The resistance of the wire when operating steadily is $\text{30 }\Omega$. 

Explanation of Solution

Write the equation for resistance.

$R=\frac{V}{I}$ (IV)

Here, $R$ is the resistance, $I$ is the current and $V$ is potential difference.

Conclusion:

Substitute $300\text{ V}$ for $V$ and $10\text{ A}$ for $I$ in equation IV.

$\begin{array}{c}R=\frac{300\text{ V}}{10\text{ A}}\\ =30\Omega \end{array}$

Therefore, the resistance of the wire when operating steadily is $\text{30 }\Omega$.

(c)

To determine

Find the temperature of the copper wire.

Answer to Problem 143P

The temperature of the copper wire is $82°\text{C}$. 

Explanation of Solution

Write the equation for resistance.

$R=R_0\left(1+\alpha \Delta T\right)$

Here, $R$ is the resistance, $R_0$ is the initial resistance, $\alpha$ is the temperature coefficient of resistivity and $\Delta T$ is change in temperature.

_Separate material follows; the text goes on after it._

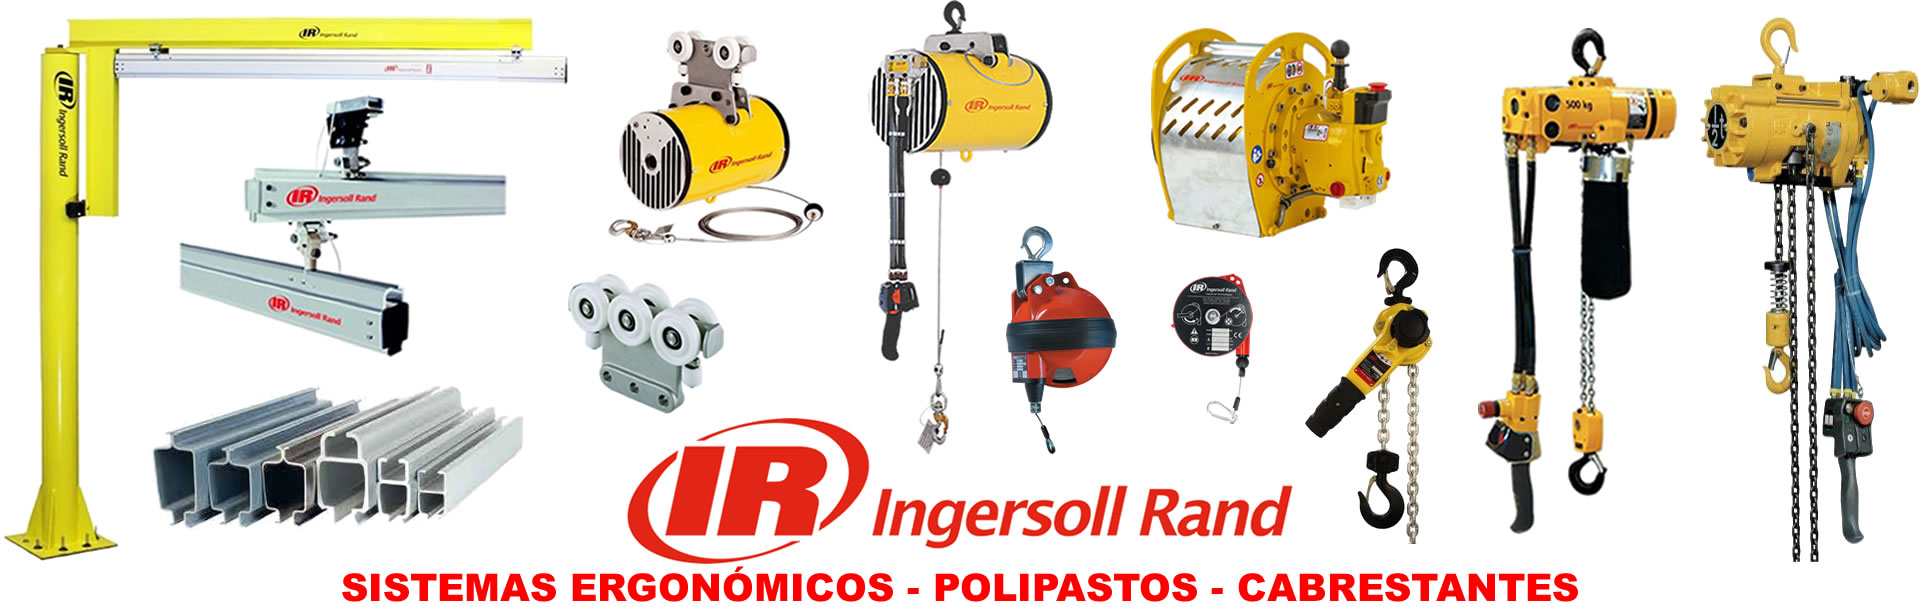 alcaner_ingersoll-rand_soluciones-industria-automación_equipamento_maquinaria_servicio-tecnico_distribuidor-oficial-ingersoll-rand_madrid-espana_banner-5-ir-ergonomia-polipastos

Substitute $\Delta T=T-T_0$ in above equation and rewrite to get final temperature $T$.

$T=\frac{1}{\alpha }\left(\frac{R}{R_0}-1\right)+T_0$ (V)

Conclusion:

Substitute $20°\text{C}$ for $T_0$, $4.05\times {10}^{-3}°{\text{C}}^{-1}$ for $\alpha$, $\text{30 }\Omega$ for $R$ and $\text{24 }\Omega$ for $R_0$ in equation V.

$\begin{array}{c}T=\frac{1}{4.05\times {10}^{-3}°{\text{C}}^{-1}}\left(\frac{\text{30 }\Omega }{\text{24 }\Omega }-1\right)+20°\text{C}\\ =82°\text{C}\end{array}$

Therefore, the temperature of the copper wire is $82°\text{C}$.

(d)

To determine

Does the thermal expansion of wire changes the answer in part c.

Answer to Problem 143P

The thermal expansion of wire will not changes the answer in part c, since the expansion in wire is less than $0.1\%$.

Explanation of Solution

The thermal expansion in the wire for the temperature of $62°\text{C}$ is less than $0.1\%$. This change in the wire dimensions will not affect the answer in part c.

Conclusion:

Therefore, the thermal expansion of wire will not changes the answer in part c, since the expansion in wire is less than $0.1\%$.